(Collection entries)
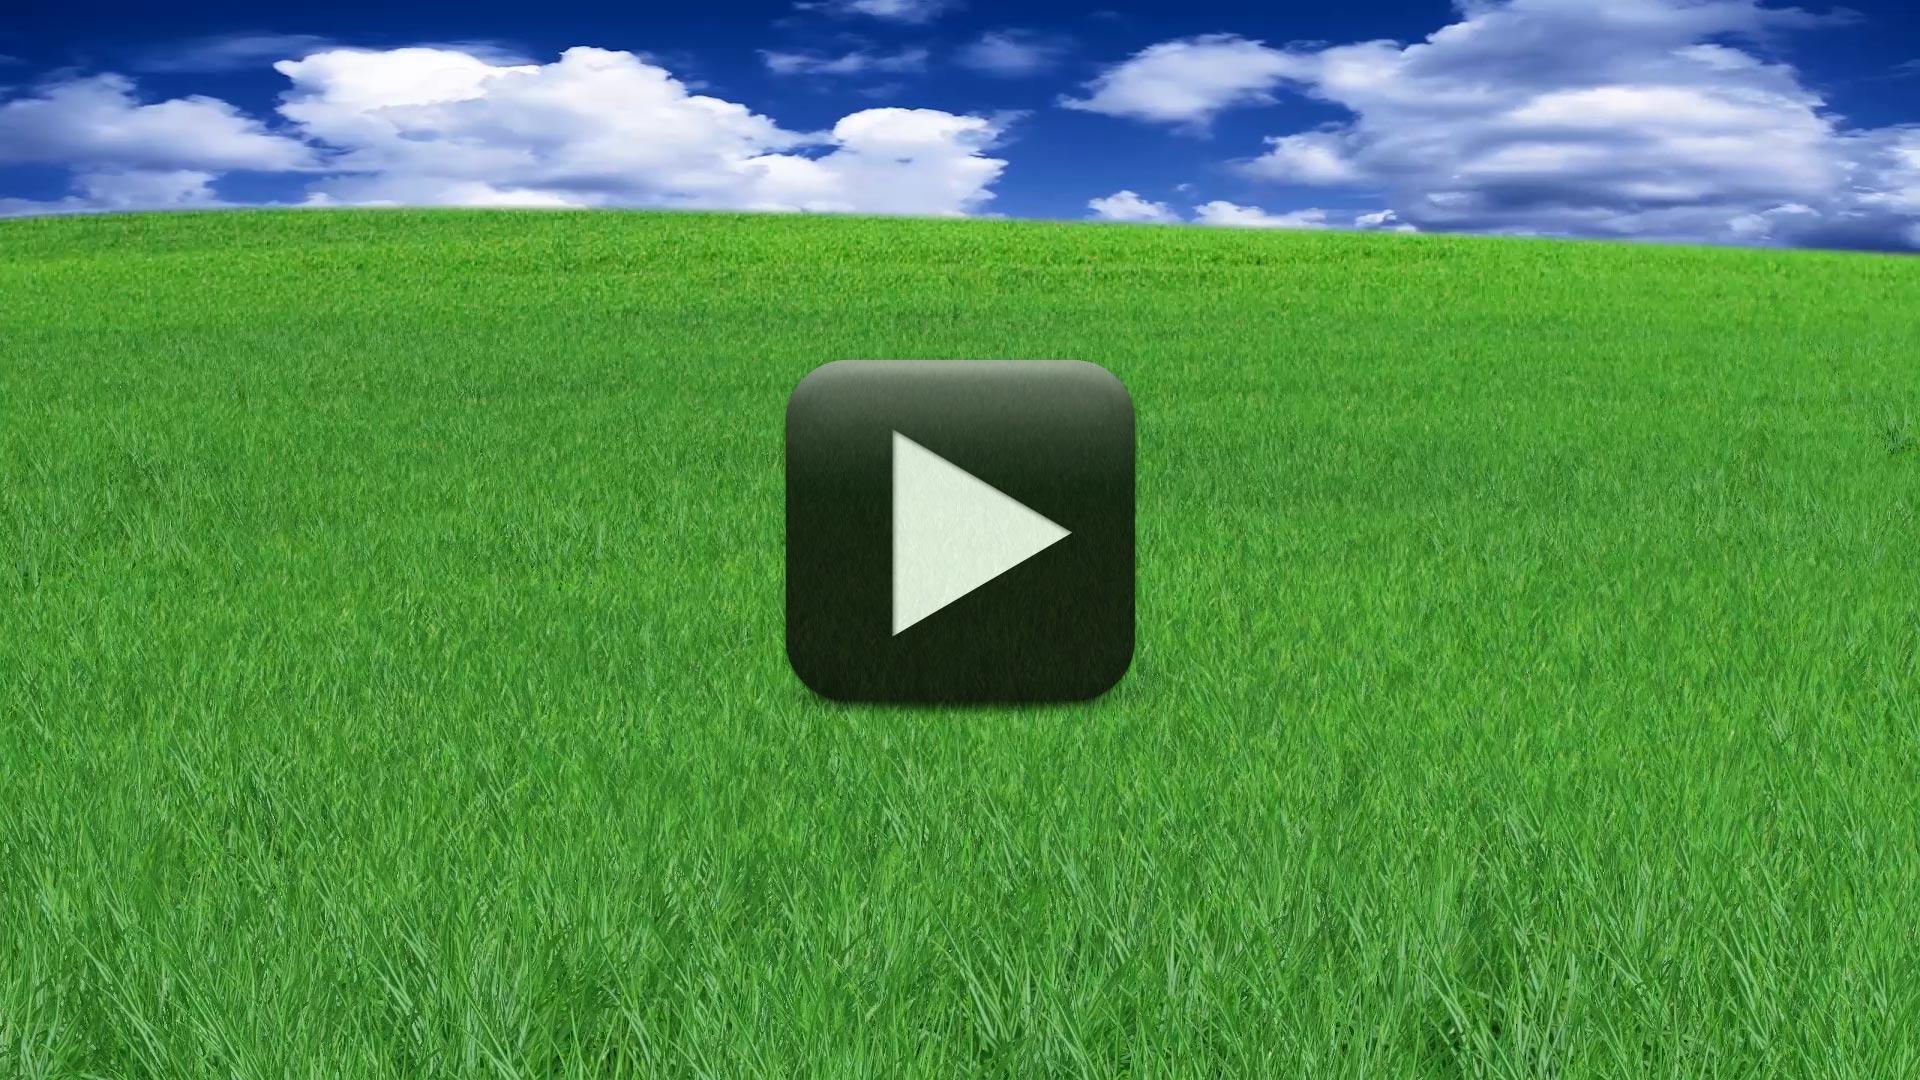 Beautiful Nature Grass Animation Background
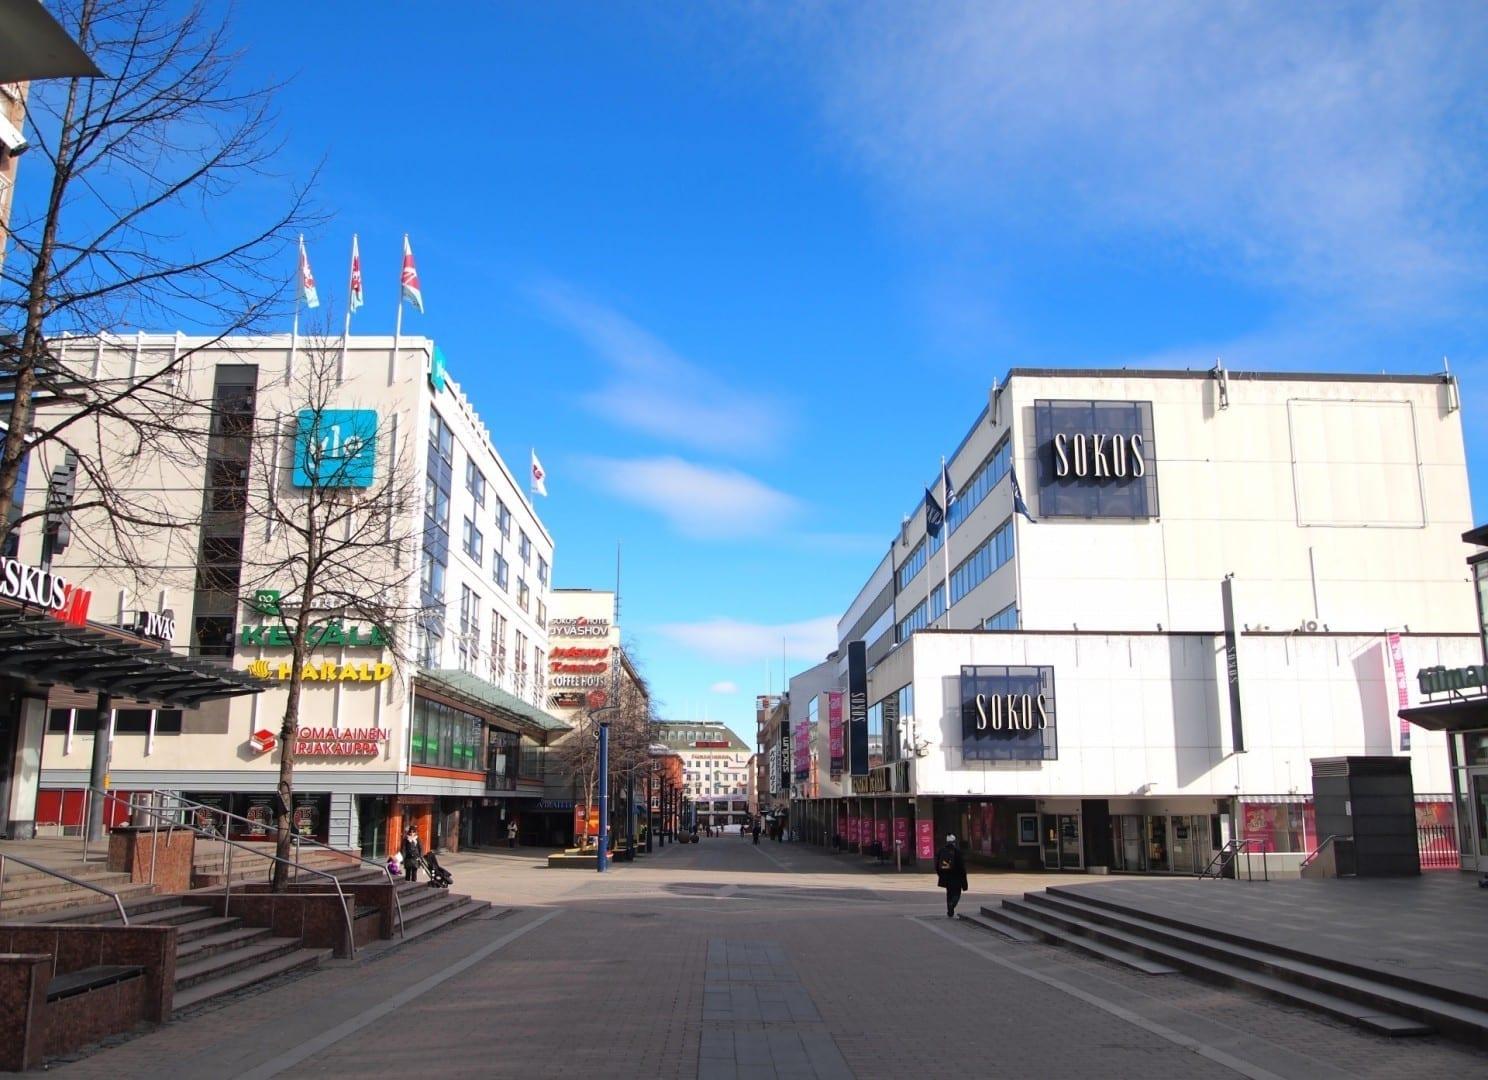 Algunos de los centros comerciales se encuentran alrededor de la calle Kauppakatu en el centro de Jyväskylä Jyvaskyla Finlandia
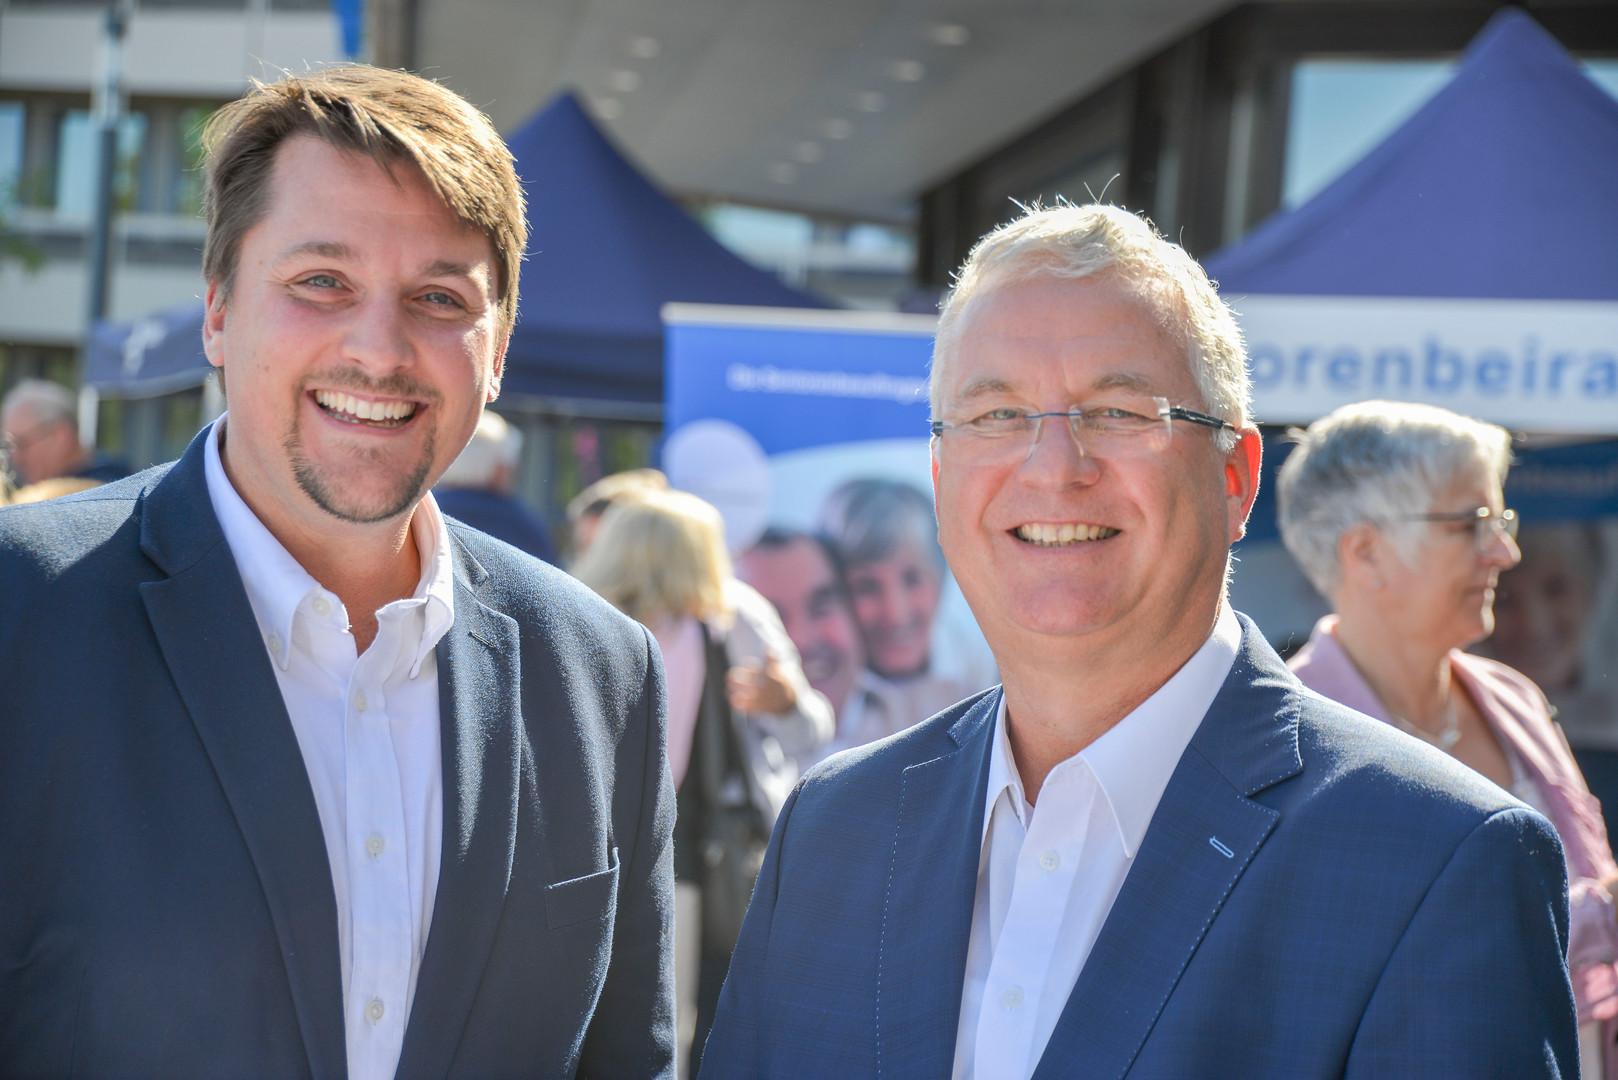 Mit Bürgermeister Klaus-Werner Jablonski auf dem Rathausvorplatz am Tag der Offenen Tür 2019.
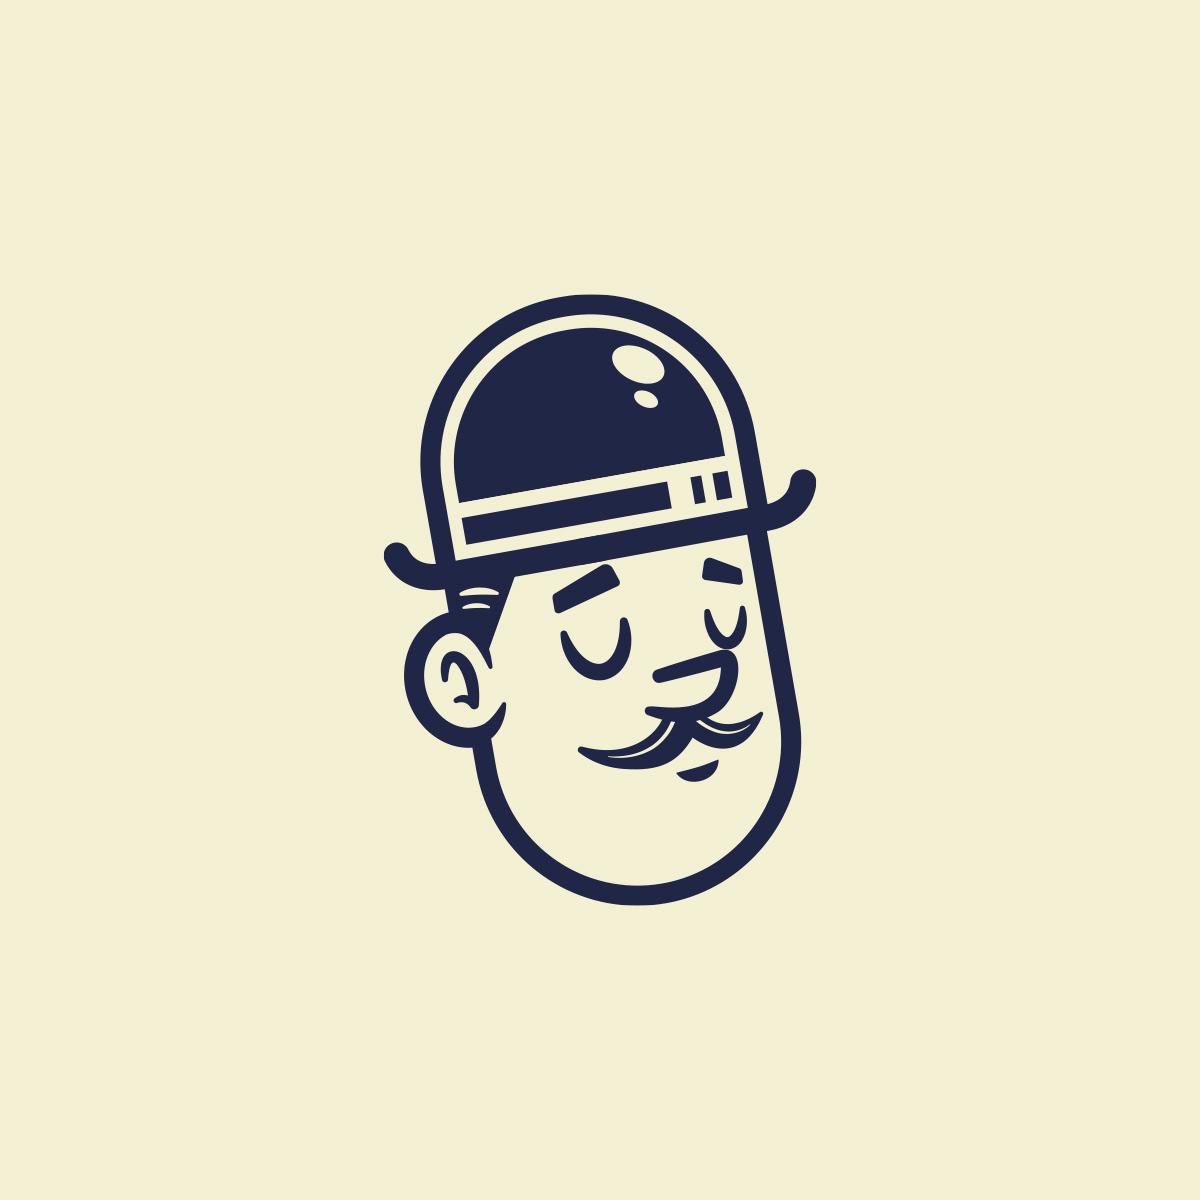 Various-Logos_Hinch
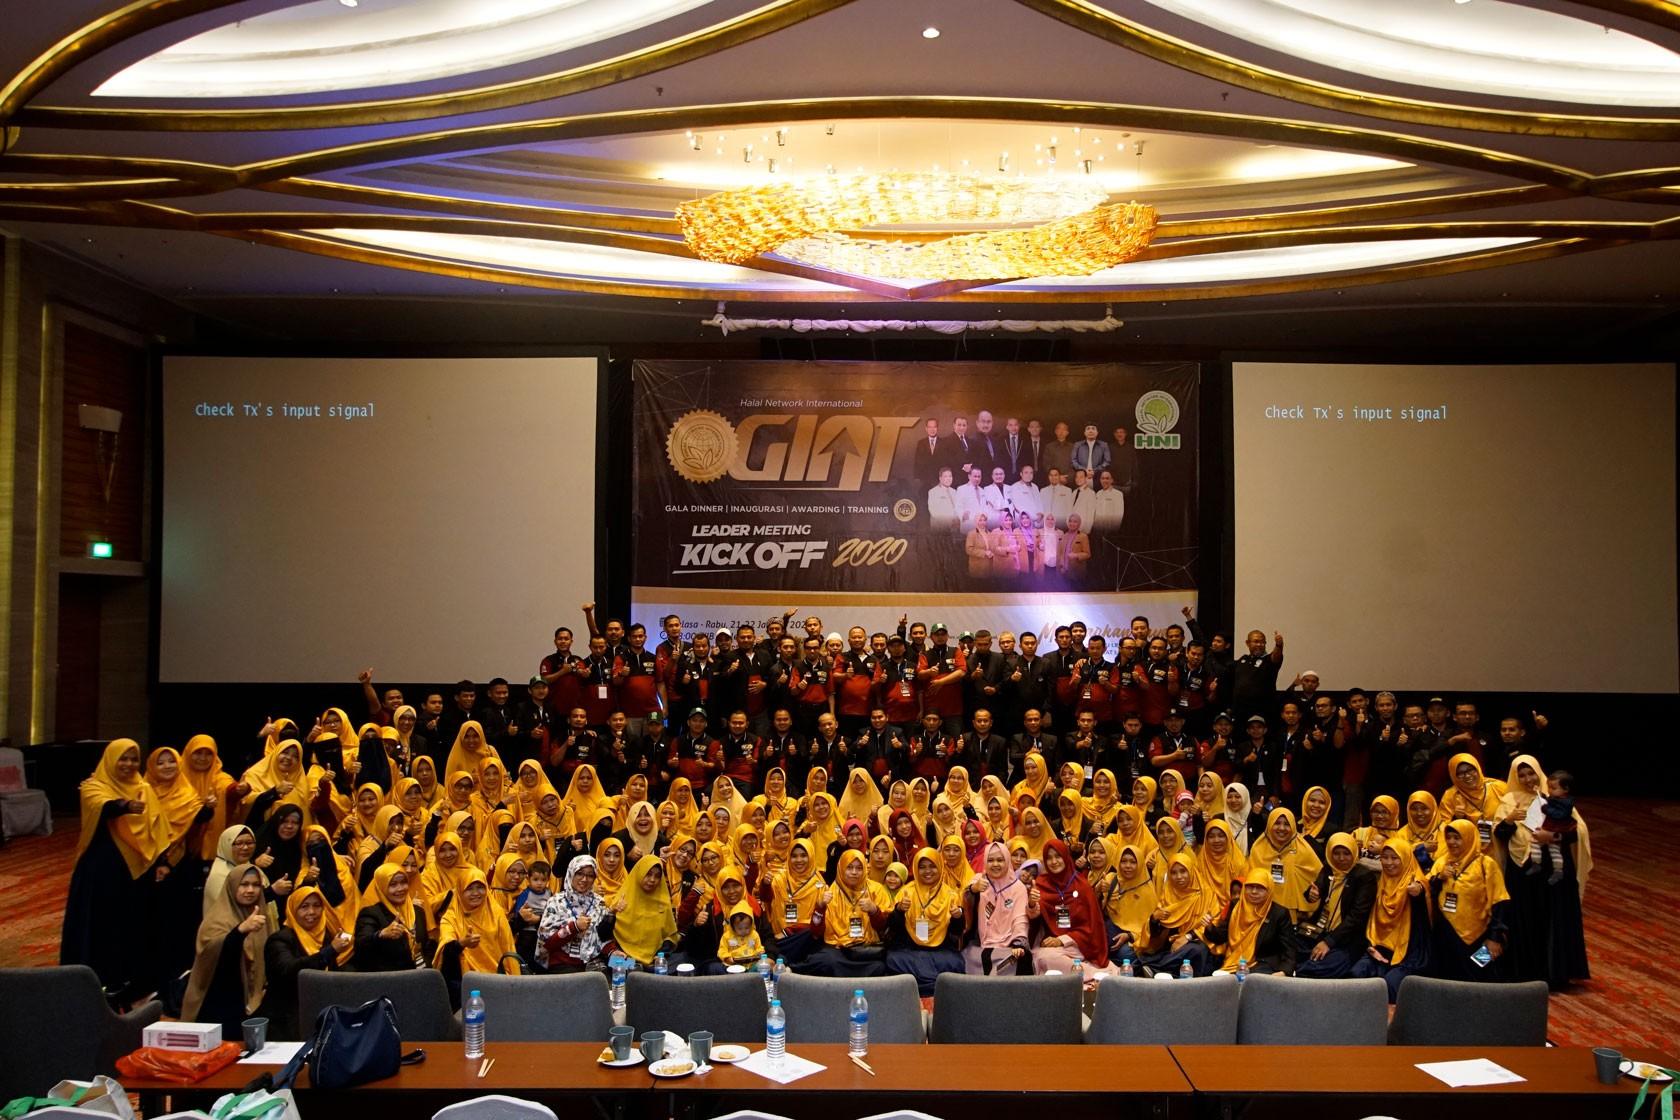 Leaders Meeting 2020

Work instruction - What is needed is a word-for-word restatement of the entries, minus any pictures.

Result of the exercise -
 Beautiful Nature Grass Animation Background
 Algunos de los centros comerciales se encuentran alrededor de la calle Kauppakatu en el centro de Jyväskylä Jyvaskyla Finlandia
 Mit Bürgermeister Klaus-Werner Jablonski auf dem Rathausvorplatz am Tag der Offenen Tür 2019.
 Various-Logos_Hinch
 Leaders Meeting 2020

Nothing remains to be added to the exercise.